Update tests to match new nsec3param default

Update the nsec3 system tests to use the new default values. Change
the policy for "nsec3-other" so that we still have a test case for
non-zero salt length.

diff --git a/bin/tests/system/nsec3/ns3/named.conf.in b/bin/tests/system/nsec3/ns3/named.conf.in
index 2241bc87bfac7c00f51664e88ed8478bebeecff5..8bab481c60476f1037c813e8d4e46c15a5d35b6a 100644 (file)
--- a/bin/tests/system/nsec3/ns3/named.conf.in
+++ b/bin/tests/system/nsec3/ns3/named.conf.in
@@ -25,7 +25,7 @@ dnssec-policy "optout" {
 };
 
 dnssec-policy "nsec3-other" {
-       nsec3param iterations 11 optout yes salt-length 0;
+       nsec3param iterations 11 optout yes salt-length 8;
 };
 
 options {

diff --git a/bin/tests/system/nsec3/tests.sh b/bin/tests/system/nsec3/tests.sh
index ac3a3c13cd7392d5afcb490ea0d80855aee574a4..03f0ef25d41b0d9d31327dc3e75829204fa82dda 100644 (file)

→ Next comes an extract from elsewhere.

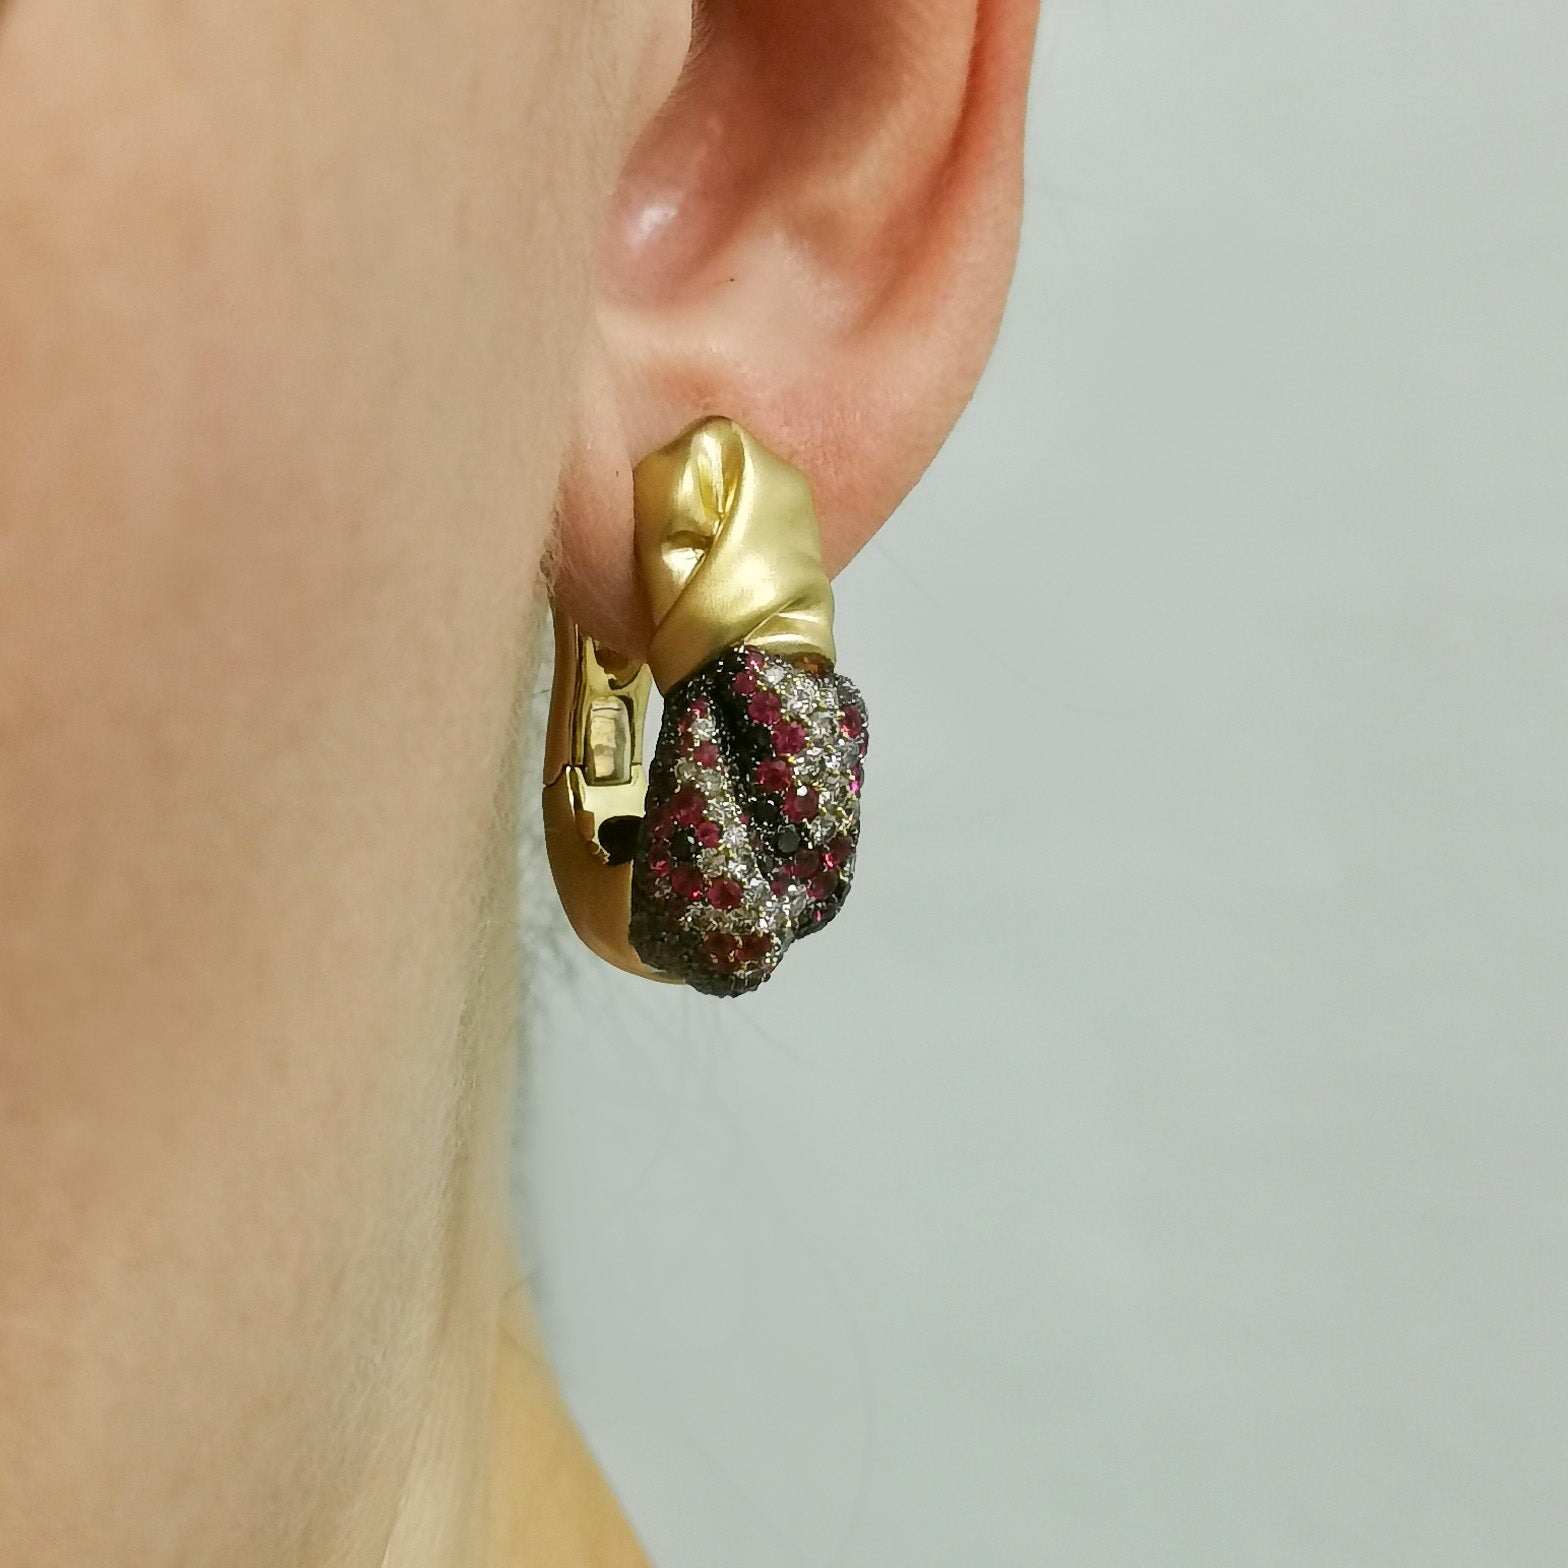 E 0132-5, 18K Yellow Gold, Ruby, Champagne and Black Diamonds Earrings

--- a/bin/tests/system/nsec3/tests.sh
+++ b/bin/tests/system/nsec3/tests.sh
@@ -159,56 +159,56 @@ dnssec_verify
 
 # Zone: nsec3.kasp.
 set_zone_policy "nsec3.kasp" "nsec3"
-set_nsec3param "0" "5" "8"
+set_nsec3param "0" "0" "0"
 echo_i "initial check zone ${ZONE}"
 check_nsec3
 dnssec_verify
 
 # Zone: nsec3-dynamic.kasp.
 set_zone_policy "nsec3-dynamic.kasp" "nsec3"
-set_nsec3param "0" "5" "8"
+set_nsec3param "0" "0" "0"
 echo_i "initial check zone ${ZONE}"
 check_nsec3
 dnssec_verify
 
 # Zone: nsec3-change.kasp.
 set_zone_policy "nsec3-change.kasp" "nsec3"

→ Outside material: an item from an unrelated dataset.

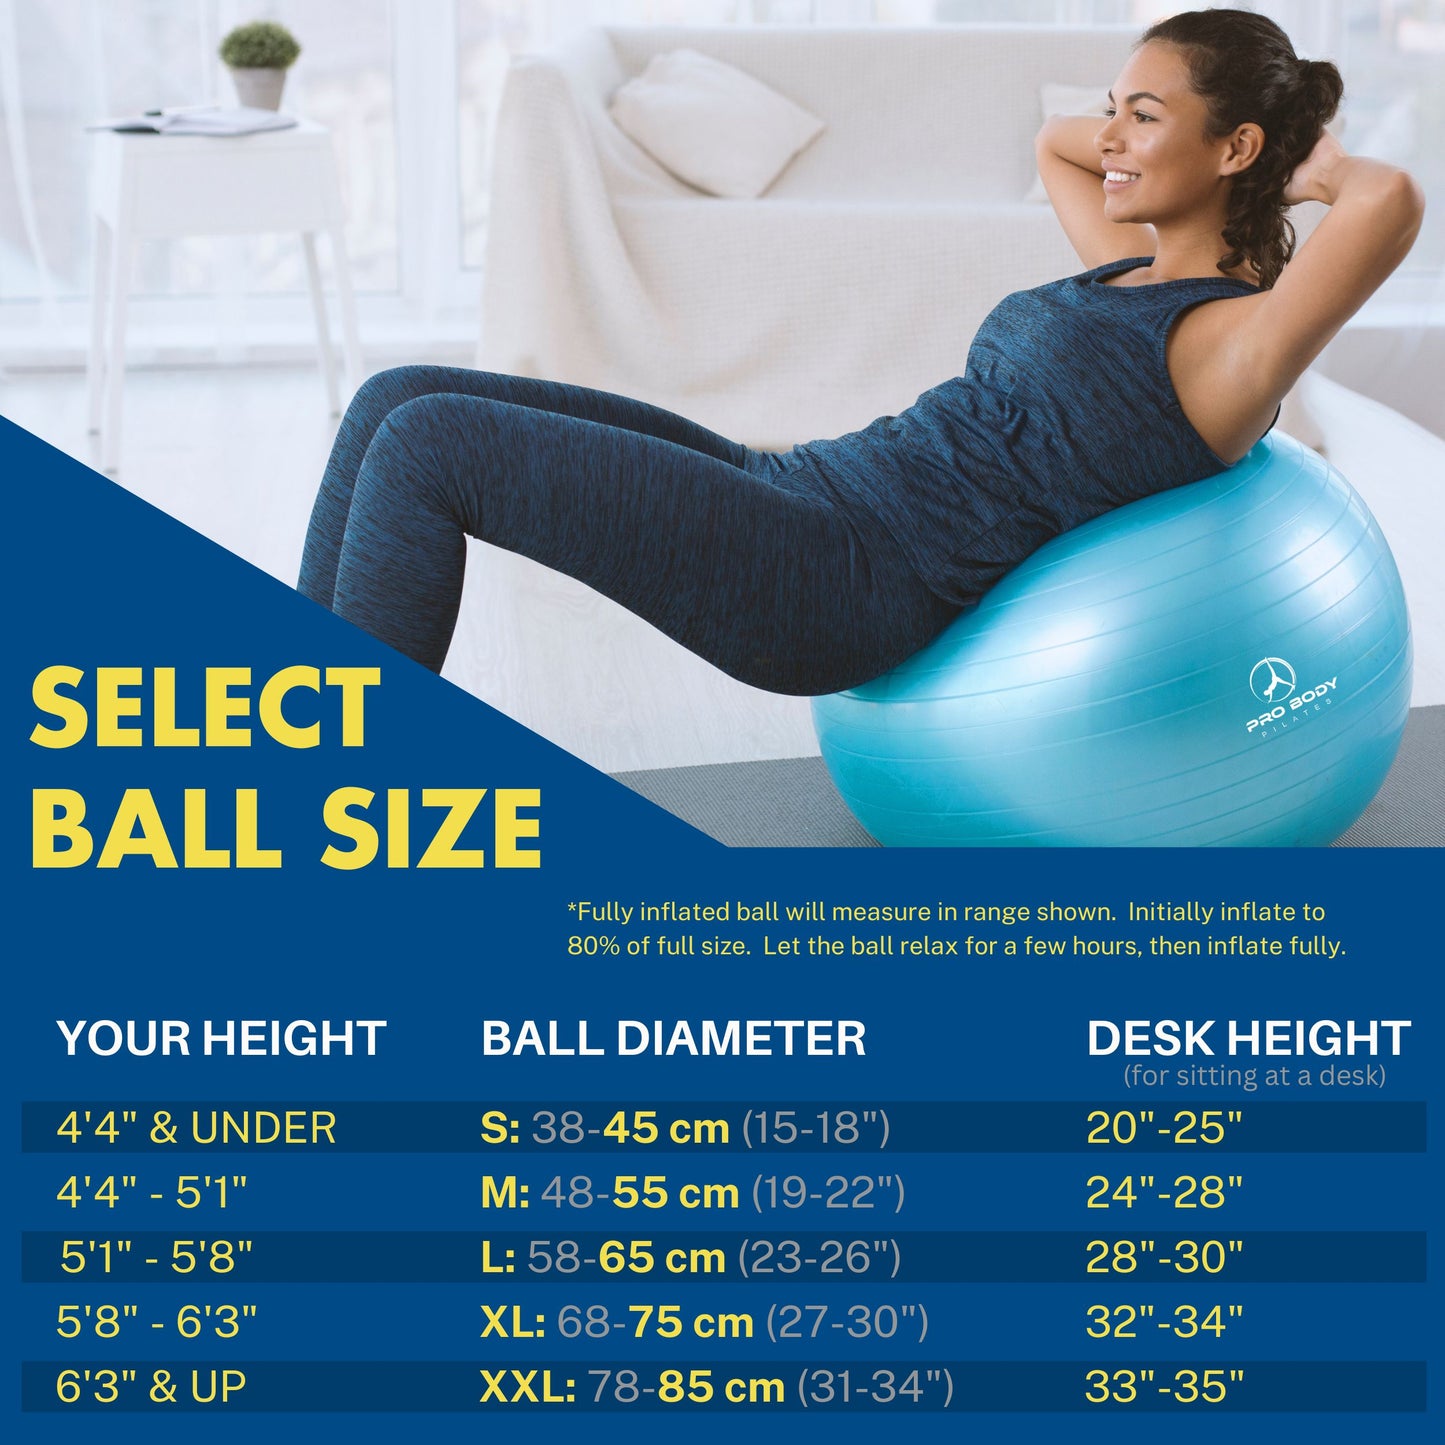 Yoga Ball for Pregnancy, Fitness, Balance, Workout at Home, Office and Physical Therapy (Slate)

-set_nsec3param "0" "5" "8"
+set_nsec3param "0" "0" "0"
 echo_i "initial check zone ${ZONE}"
 check_nsec3
 dnssec_verify
 
 # Zone: nsec3-dynamic-change.kasp.
 set_zone_policy "nsec3-dynamic-change.kasp" "nsec3"
-set_nsec3param "0" "5" "8"
+set_nsec3param "0" "0" "0"
 echo_i "initial check zone ${ZONE}"
 check_nsec3
 dnssec_verify
 
 # Zone: nsec3-to-nsec.kasp.
 set_zone_policy "nsec3-to-nsec.kasp" "nsec3"
-set_nsec3param "0" "5" "8"
+set_nsec3param "0" "0" "0"
 echo_i "initial check zone ${ZONE}"
 check_nsec3
 dnssec_verify
 
 # Zone: nsec3-to-optout.kasp.
 set_zone_policy "nsec3-to-optout.kasp" "nsec3"
-set_nsec3param "0" "5" "8"
+set_nsec3param "0" "0" "0"
 echo_i "initial check zone ${ZONE}"
 check_nsec3
 dnssec_verify
 
 # Zone: nsec3-from-optout.kasp.
 set_zone_policy "nsec3-from-optout.kasp" "optout"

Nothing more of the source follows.